Kultur Nachrichten
Bei Mozart ruht der Maestro in sich

Sonntag, 14.06.2009, 18:06 Uhr

Senden - Justus Frantz am Samstagabend auf dem Gut Kappel in Senden - das versprach ein besonderes musikalisches Erlebnis beim zweiten Konzert der Reihe „ Musiklandschaft Westfalen “. Nach dem großartigen Eröffnungskonzert mit Krzysztof Penderecki und dem „Nationalen polnischen Radio-Sinfonieorchester Kattowice“ im St. Paulus-Dom zu Münster war dieses Konzert das erste im Konzertsaal „Landschaft“.

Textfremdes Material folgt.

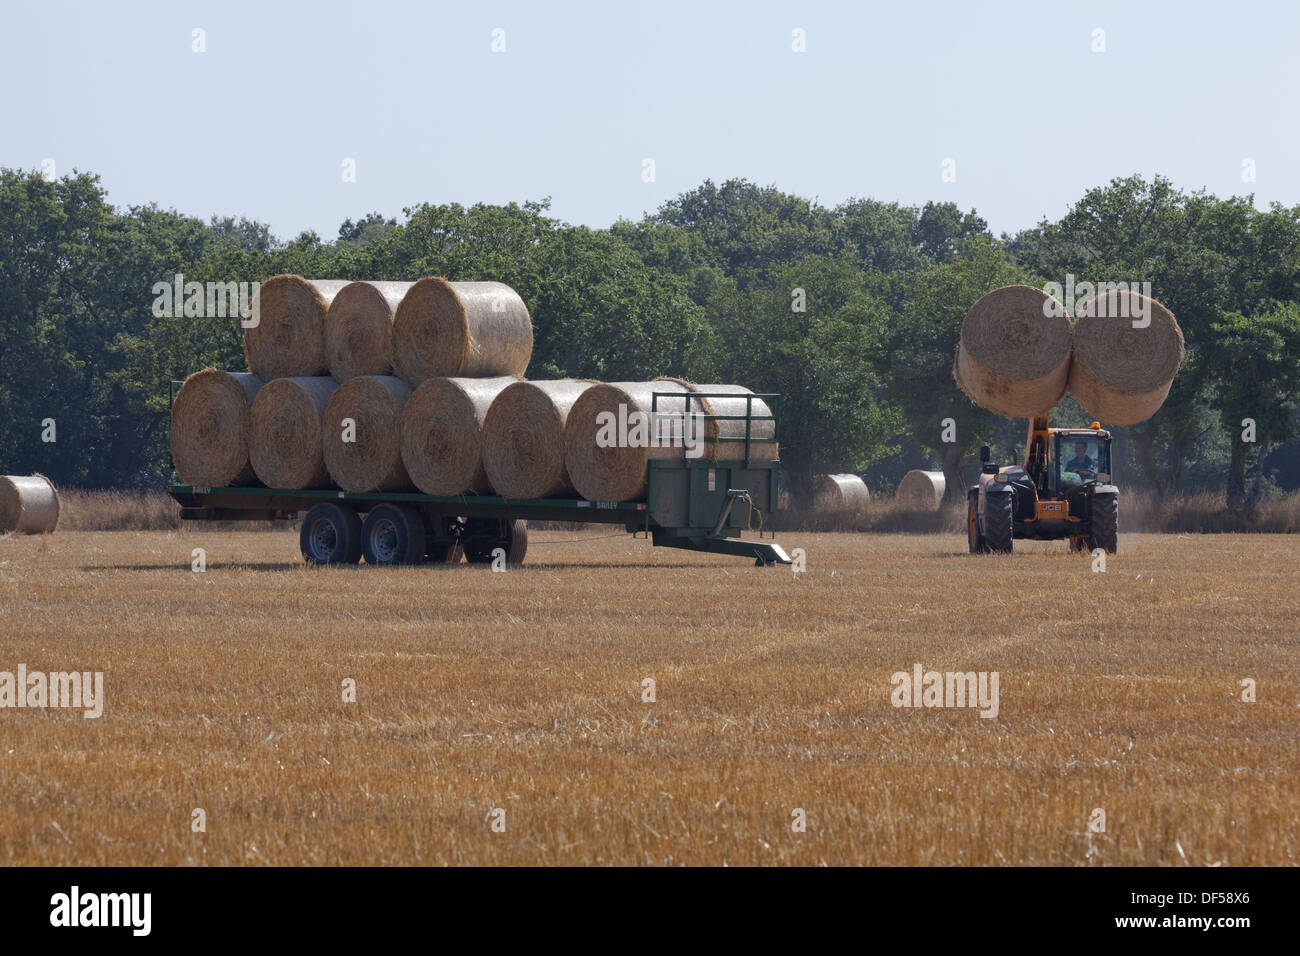 Ernte. Nach Combine Harvester geschnitten hat und aus Getreide gedroschen, eine sekundäre Lader Fahrzeug sammelt Ballen Stroh für die Entfernung. Stockfoto

Frantz, dessen Reputation als renommierter Pianist für stetige Debatten sorgt, hat an diesem Abend sicherlich die Sympathien der vielen Zuhörer gewonnen. Mit dem Sofia Festival Orchester, es war ihm ein überaus kompetenter Partner, eröffnete er mit der Ouvertüre zu „Ein Sommernachtstraum“ von Felix Mendelssohn Bartholdy einen eindrucksvollen Abend. Das bulgarische Orchester spielte dieses Werk mit Akribie und viel Gefühl für dynamische Nuancen, zeigte wie bei der Sinfonie Nr. 2 von Ludwig van Beethoven eine lebendige und mitreißende Interpretation.

Aber vermutlich war das Klavierkonzert d-Moll KV 466 von Wolfgang Amadeus Mozart der eigentliche Grund, weswegen so viele Musikinteressierte den Weg nach Senden gefunden hatten. Justus Frantz spielte dieses für ihn zum Standardrepertoire gehörende Werk mit der ganzen Bravour eines Maestros der Tasten. Man hätte ihm allerdings in diesem außerordentlichen Ambiente eines Reiterguts einen besser gestimmten Konzertflügel gewünscht.

Aber der Mann, der schon über den Wolken in einem Flugzeug klassische Musik populär gemacht hat, zeigte sich als wahrer Künstler. Er dirigierte nicht vom Flügel aus, sondern konzentrierte sich ganz auf dieses außerordentlich dramatische Werk. Man erlebte einen Pianisten, der ein in vielen Konzerten gespieltes Stück trotzdem mit Frische und dramaturgischem Esprit interpretierte, dessen technische Virtuosität einem in sich geschlossenen persönlichen Mozart-Bild entsprach. Mag es Pianisten geben, die dieses Klavierkonzert anders sehen und spielen: Es war die sympathische Ausstrahlung von Justus Frantz, die an diesem Abend einfach jeden für ihn einnahm.

Hautnah erlebbar war die Verehrung für einen Mann, der zu denen zählt, die klassische Musik populär gemacht haben. Am Ende fragte er das Publikum, ob als Zugabe lieber Mozart oder Chopin gewünscht wäre. Mit einer sehr lyrischen und klangbetonten Wiedergabe des Fantasie-Impromptus bedankte sich Frantz für die stehend dargebrachten Ovationen.

Das Publikum hat er an diesem Abend bestens unterhalten.